Density of states in a doped semiconductor:

fig_dos

svg

Charge balance determines the number of electrons and holes as well as the position of the Fermi level.

If dopant concentration is low, then \(n_e = n_h = n_i \equiv \sqrt{N_C N_V}e^{-E_G/2kT}\).

If dopant concentration is high, then in \(n\)-doped semiconductor \(n_e = N_D - N_A\) and \(n_h = n_i^2/n_e\) (or vice versa in \(p\)-doped one).

Temperature switches between intrinsic and extrinsic regimes, and controls the carrier density

Conductance combines the contributions of electrons and holes, and allows to determine \(E_G\).

A \(pn\)-junction has a depletion layer in its middle with the potential in a \(pn\)-junction having the following shape (where the transition region is made out of two parabolas):

Exercises

Exercises with an asterisk (*) are considered to be at the essential/basic level

Warm-up exercises*

  1. Write down the law of mass action. Does the intrinsic carrier concentration depend on the Fermi energy?
  2. Write down the approximate charge balance condition for a doped semiconductor in the intrinsic regime.
  3. Write down the charge balance condition in case there are only donors and no acceptors
  4. Again considering only donors, compute the Fermi energy in the extrinsic regime
  5. Draw the band diagram of the PN diode. Suppose you want to send a current through the diode by a applying a voltage. On which side should you connect the positive-voltage terminal to get a large current?

Exercise 1*: Crossover between extrinsic and intrinsic regimes

In the lecture we have identified the intrinsic and extrinsic regimes. Let us now work out what happens when the semiconductor is at the border between these two regimes, and the dopant concentration \(|N_D - N_A|\) is comparable to the intrinsic one \(n_i\).

  1. Write down the law of mass action and the charge balance condition for a doped semiconductor.
  2. Solve this system of equations for \(n_e\) and \(n_h\) only assuming \(E_G \gg k_B T\).
  3. Verify that your solution reproduces intrinsic regime when \(|N_D - N_A| ≪ n_i\) and the extrinsic regime when \(|N_D - N_A| ≫ n_i\)

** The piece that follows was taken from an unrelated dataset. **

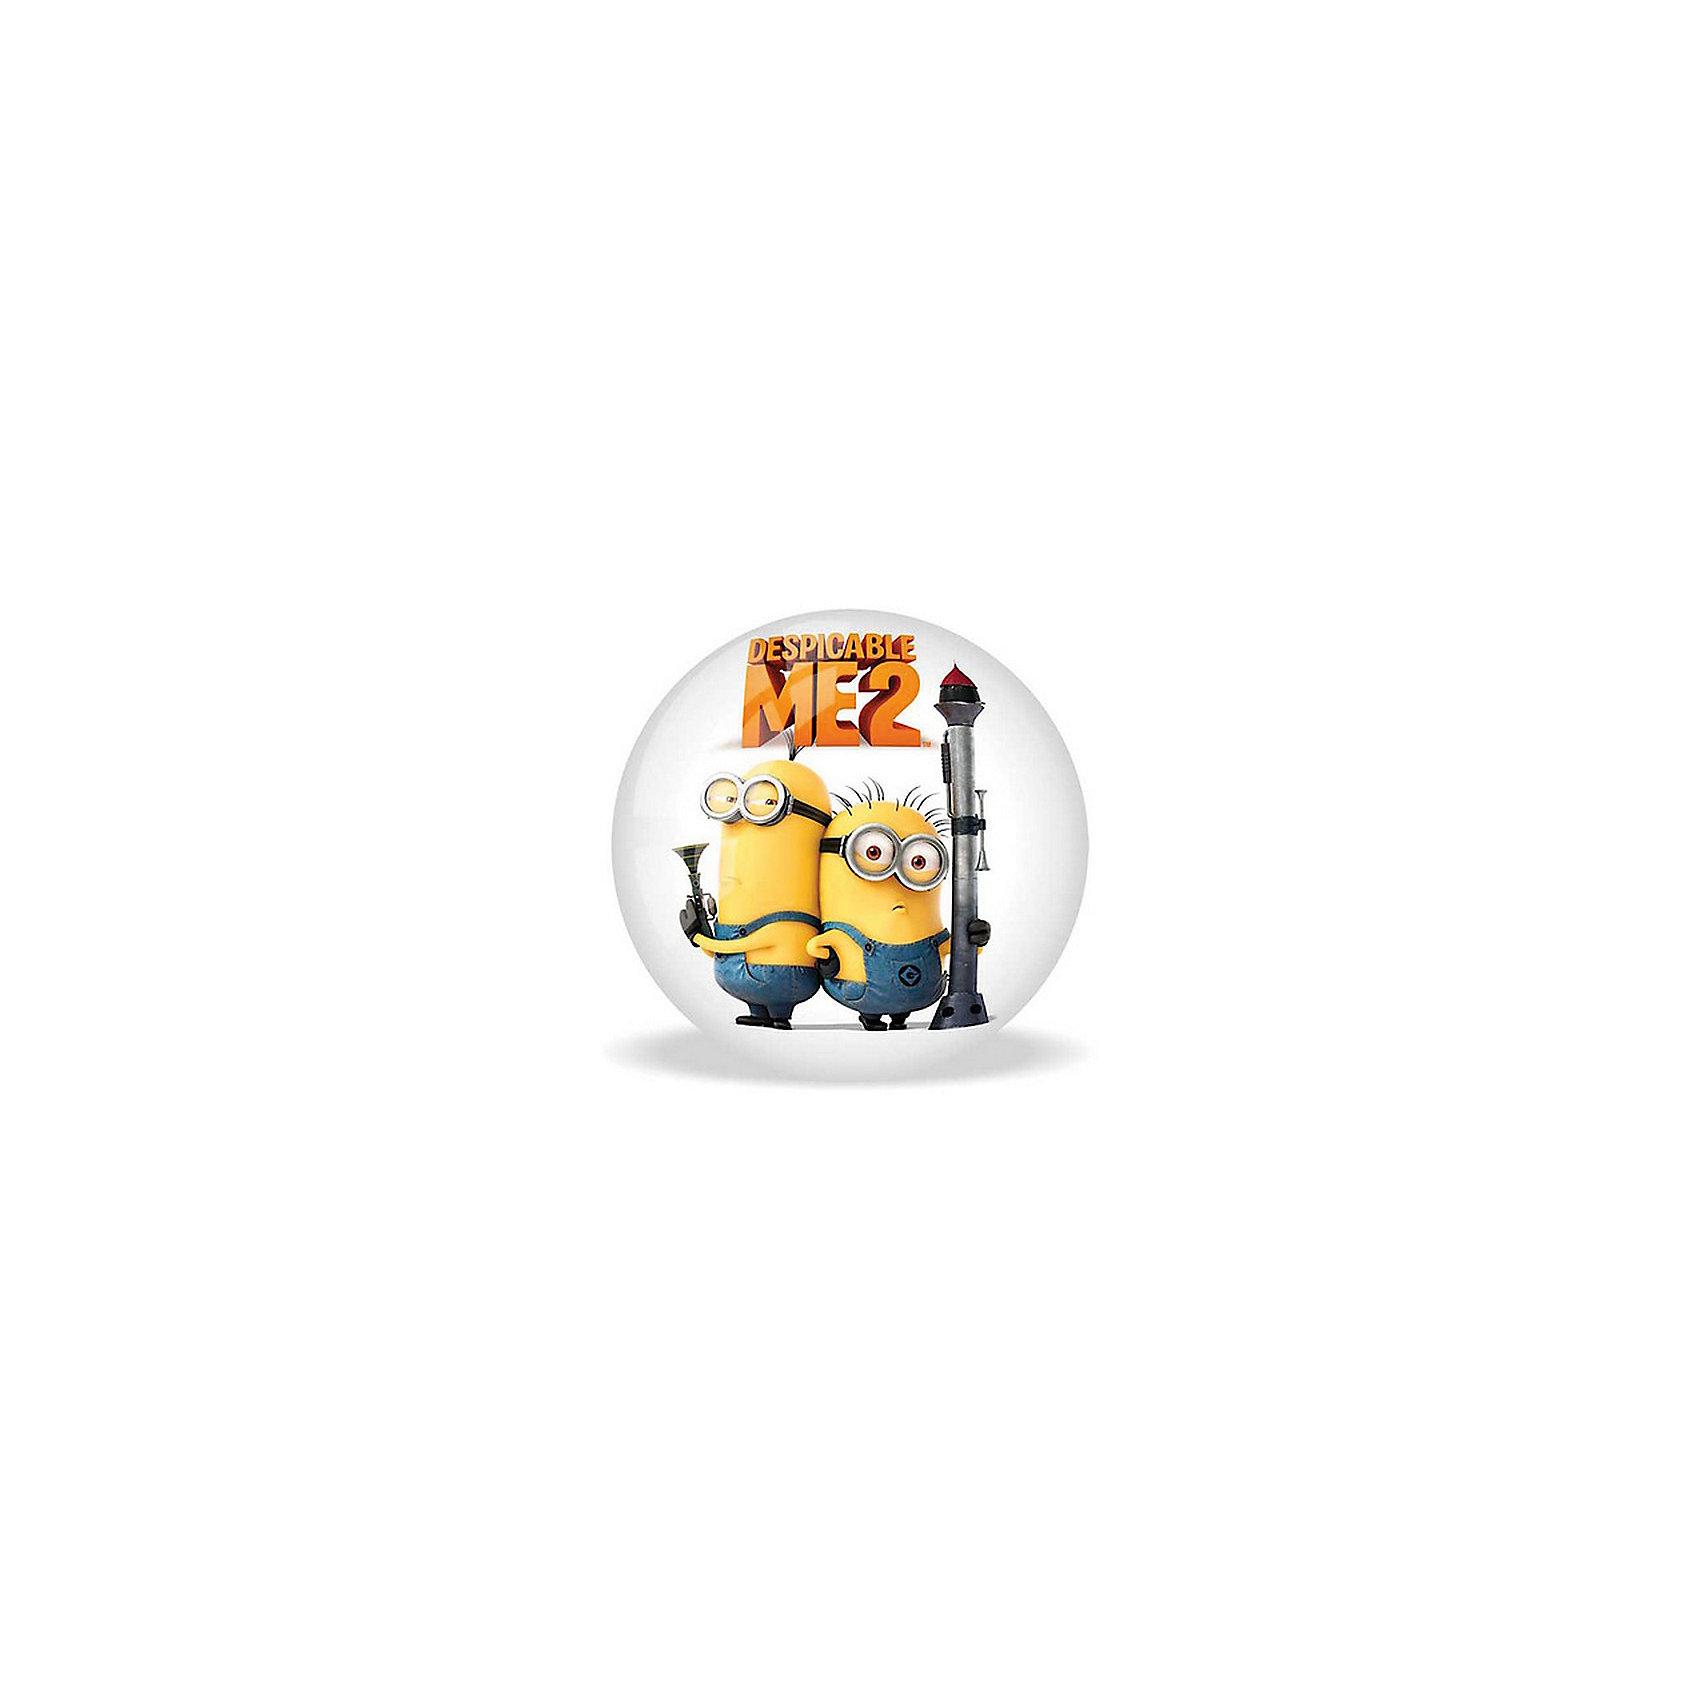 Мяч Гадкий Я- 2, 23 см,  MondoКрасивый, яркий мячик  с героями известного мультфильма обязательно понравится ребенку. Он выполнен из высококачественной прочной резины, при нанесении изображения использованы безопасные для детей красители, имеет удобный для игр размер. Игра в мяч развивает координацию движений, моторику рук и ног, стимулирует детей к физической активности и просто приносит множество улыбок и веселых мгновений.<br><br>Дополнительная информация:<br><br>- Материал: резина.<br>- Цвет: голубой, желтый, белый.<br>- Рисунок Гадкий Я- 2<br>- Размер: 23 см. <br><br>Мяч Гадкий Я- 2, 23 см,  Mondo можно купить в нашем магазине.<br><br>Ширина мм: 230<br>Глубина мм: 230<br>Высота мм: 230<br>Вес г: 140<br>Возраст от месяцев: 36<br>Возраст до месяцев: 84<br>Пол: Унисекс<br>Возраст: Детский<br>SKU: 4042927

Exercise 2: Donor ionization

Let us examine when the full donor ionization is a good assumption. For that we consider a doped semiconductor in the extrinsic regime.

  1. Assume that all dopants are ionized, determine the position of the Fermi level.
  2. Write down the concentration of dopants that are not ionized.
  3. Determine at what donor concentration one cannot assume anymore that all donors are ionized in germanium at room temperature.

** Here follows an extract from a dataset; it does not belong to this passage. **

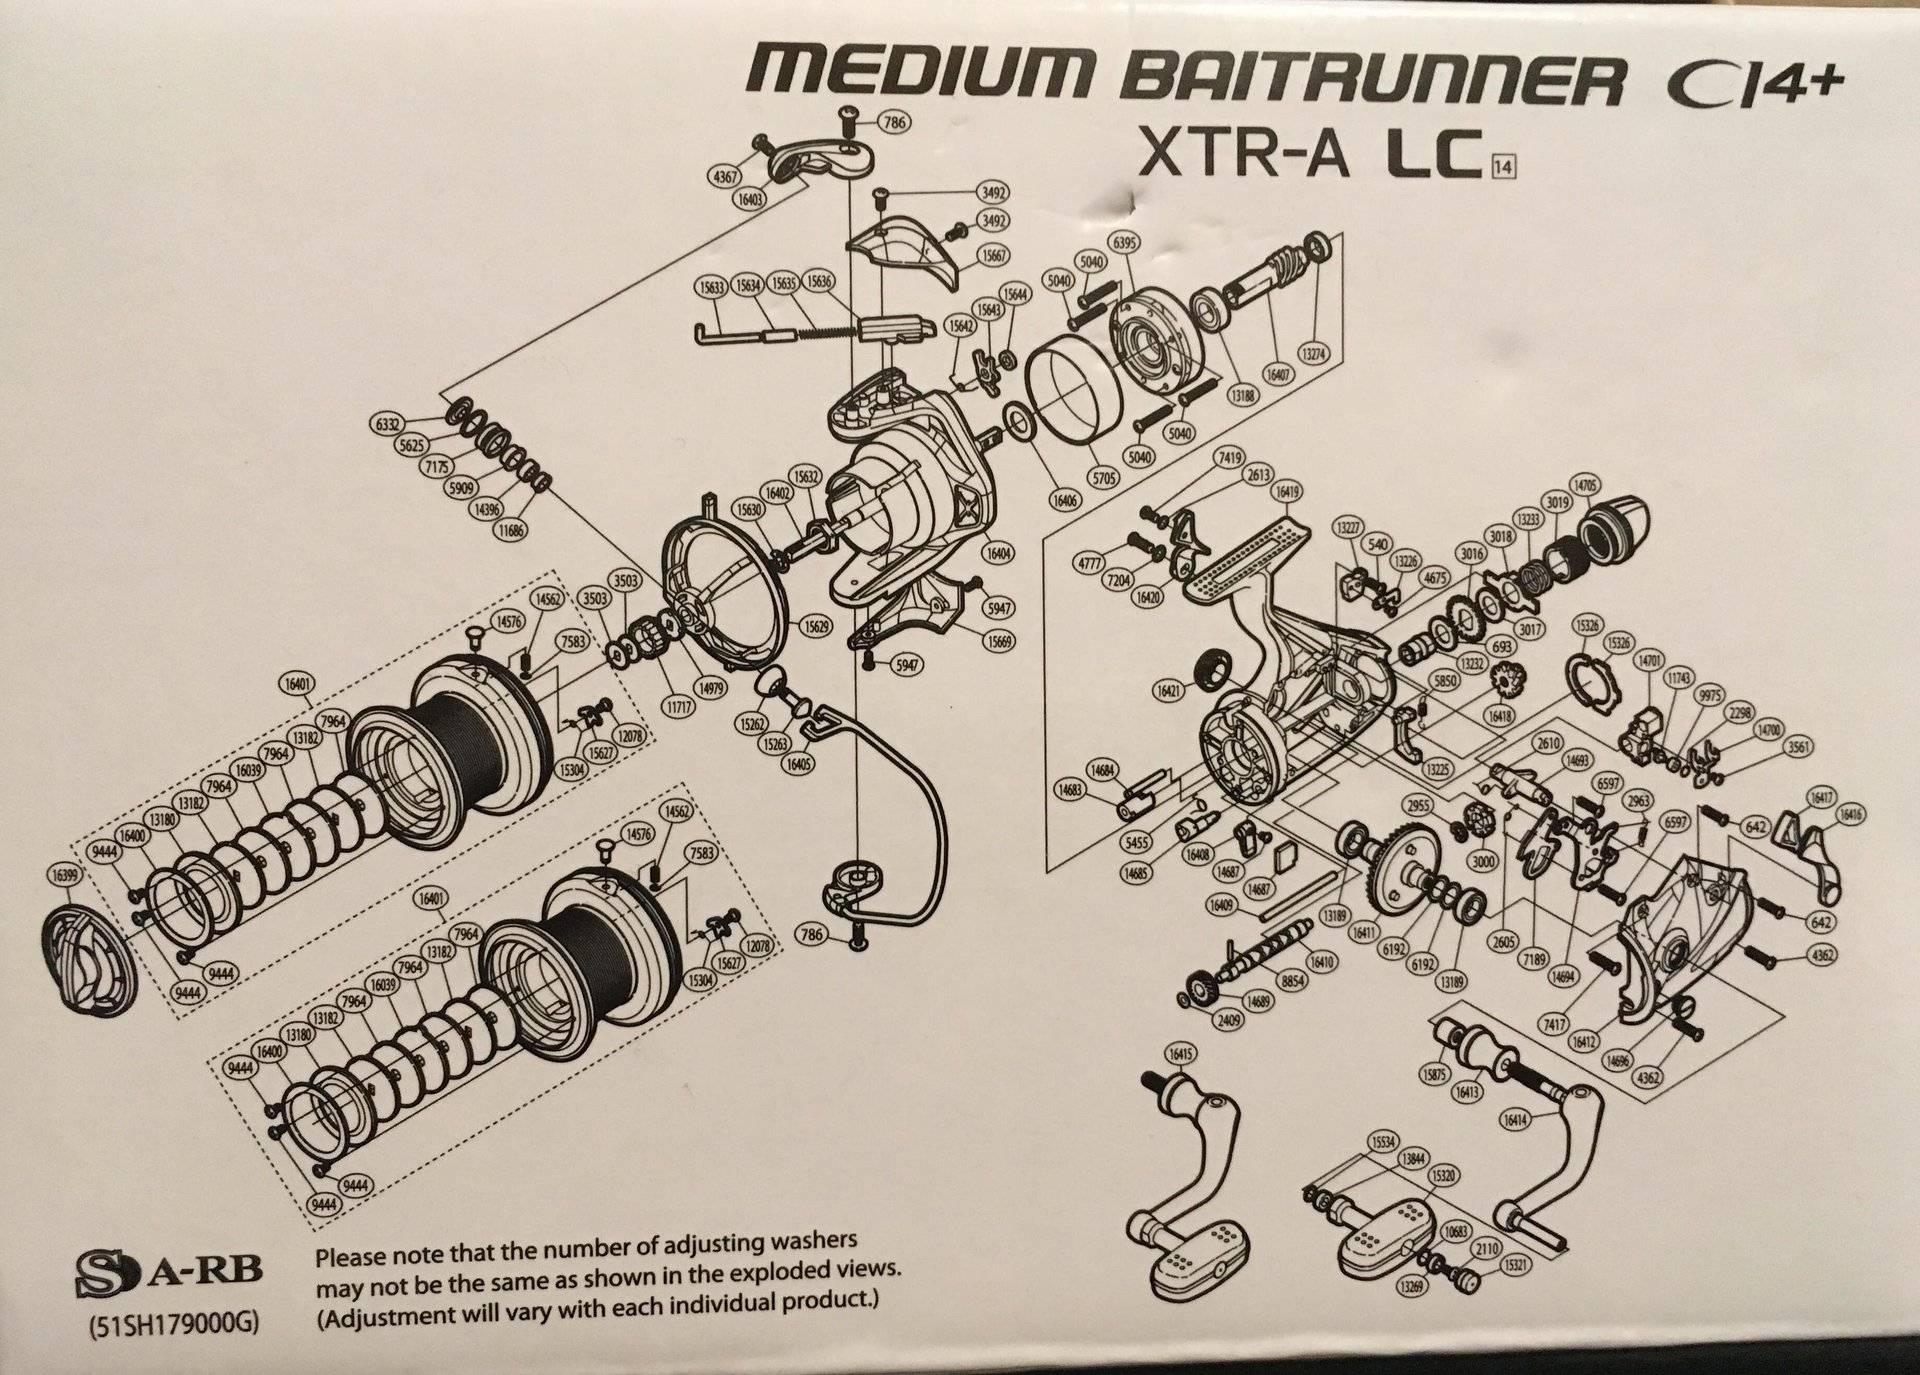 For Sale - Shimano Medium Baitrunner CI4+ XTR A Longcast, Baitrunner Reel  (used once) | Bloodydecks

Exercise 3: Performance of a diode

Consider a pn-junction diode as follows

pn diode

pn diode by Raffamaiden: Source, CC BY-SA 3.0

The current flowing through a diode as a function of applied bias voltage is given by the Shockley diode equation:

\[ I(V) = I_s(T)\left(e^{\frac{eV}{kT}}-1\right)\]

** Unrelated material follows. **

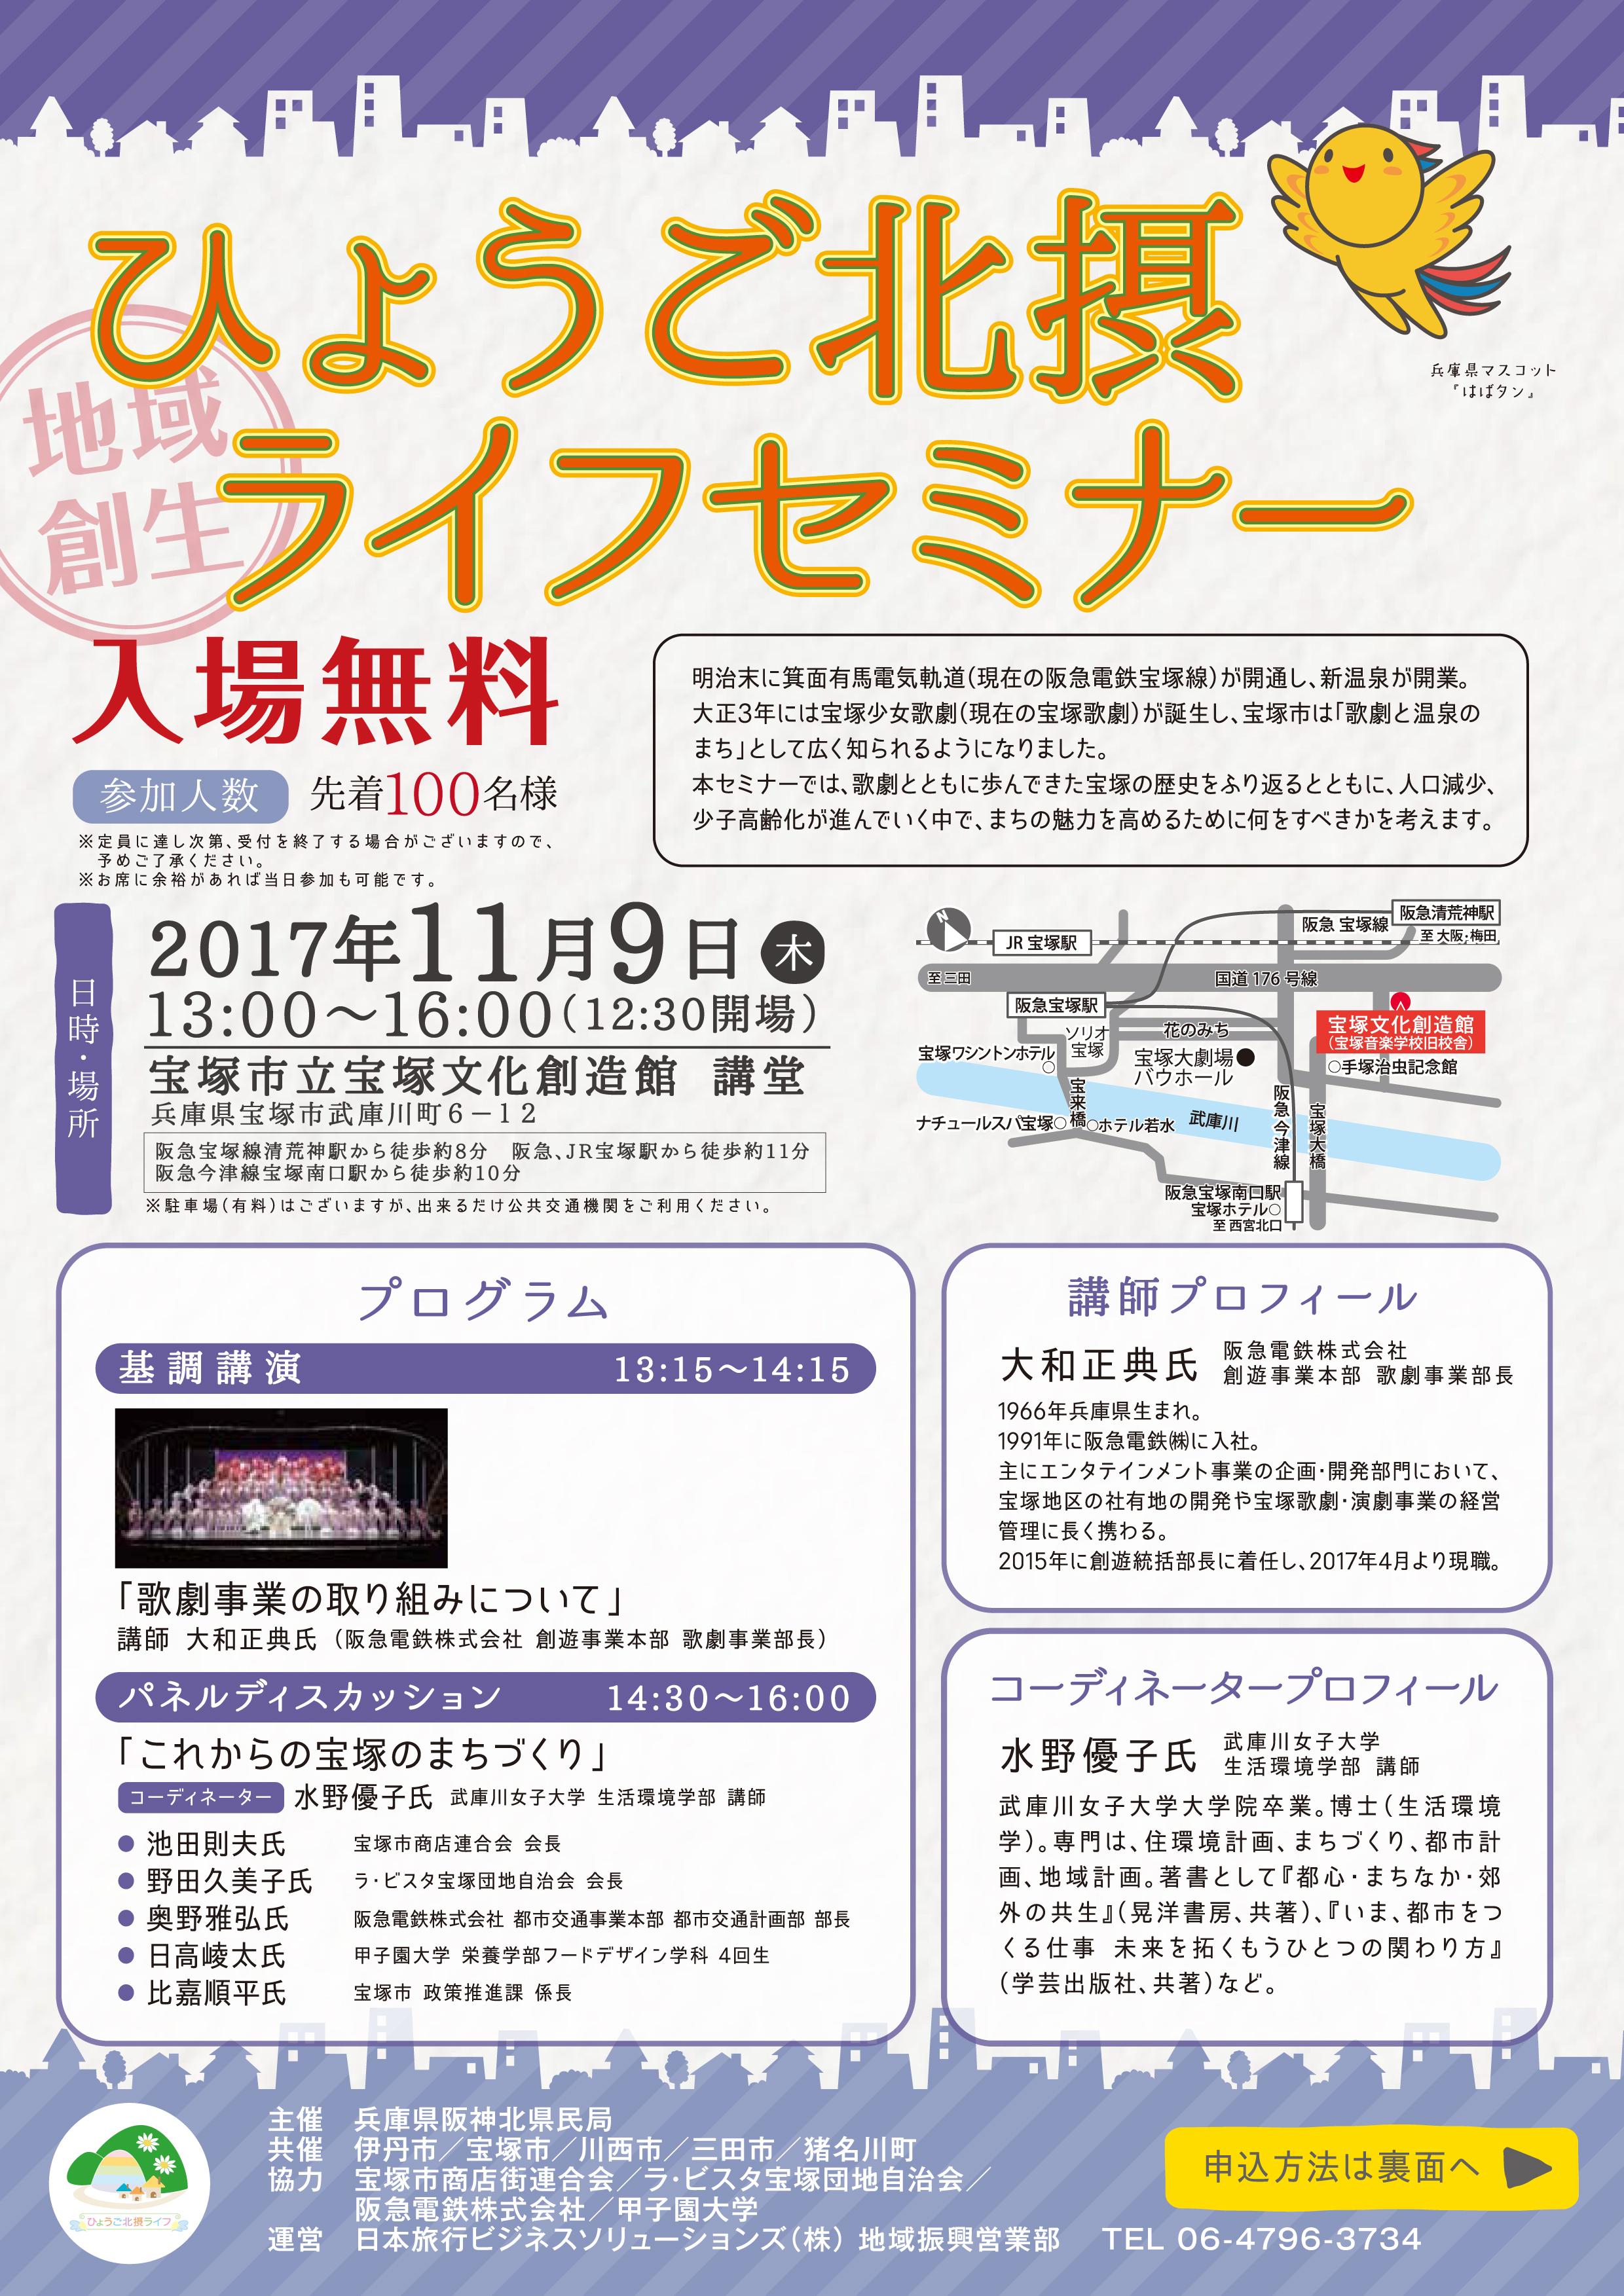 ひょうご北摂ライフセミナーA4チラシ宝塚市-表o

where \(I_s(T)\) is the saturation current.

  1. What is the significance of adding dopant atoms to an intrinsic semiconductor? Can two intrinsic semiconductors joined together make a diode?
  2. Discuss which processes carry current in a diode under reverse bias.
  3. Based on this, estimate how the saturation current \(I_s\) depends on temperature.

Exercise 4: Quantum well heterojunction in detail

Consider a a quantum well formed from a layer of GaAs of thickness \(L\), surrounded by layers of Al\(_{x}\)Ga\(_{1−x}\)As.

Quantum Well

Quantum well. Source vectorised by the user: Sushant savla from the work by Gianderiu, CC BY-SA 3.0 "Creative Commons Attribution-Share Alike 3.0"

Assume that the band gap of the Al\(_{x}\)Ga\(_{1−x}\)As is substantially larger than that of GaAs. The electron effective mass in GaAs is 0.068 \(m_{e}\), the hole effective mass is 0.45 \(m_{e}\) with \(m_{e}\) the mass of the electron.

  1. Sketch the band diagram of this quantum well.
  2. Write down the Schrödinger's equation for electrons and holes
  3. Find the energies of electron and holes in the quantum well as a function of \(k_x, k_y\).
  4. Sketch the density of states in the quantum well.
  5. If we want to design a quantum well with a bandgap 0.1 eV larger than that of bulk GaAs, what thickness \(L\) do we need?
  6. Suppose you use electron-hole recombination in the quantum well to create a laser. How can you tune the color of this laser?
  7. What would be the advantage of doping the Al\(_{x}\)Ga\(_{1−x}\)As compared to the GaAs in this quantum well?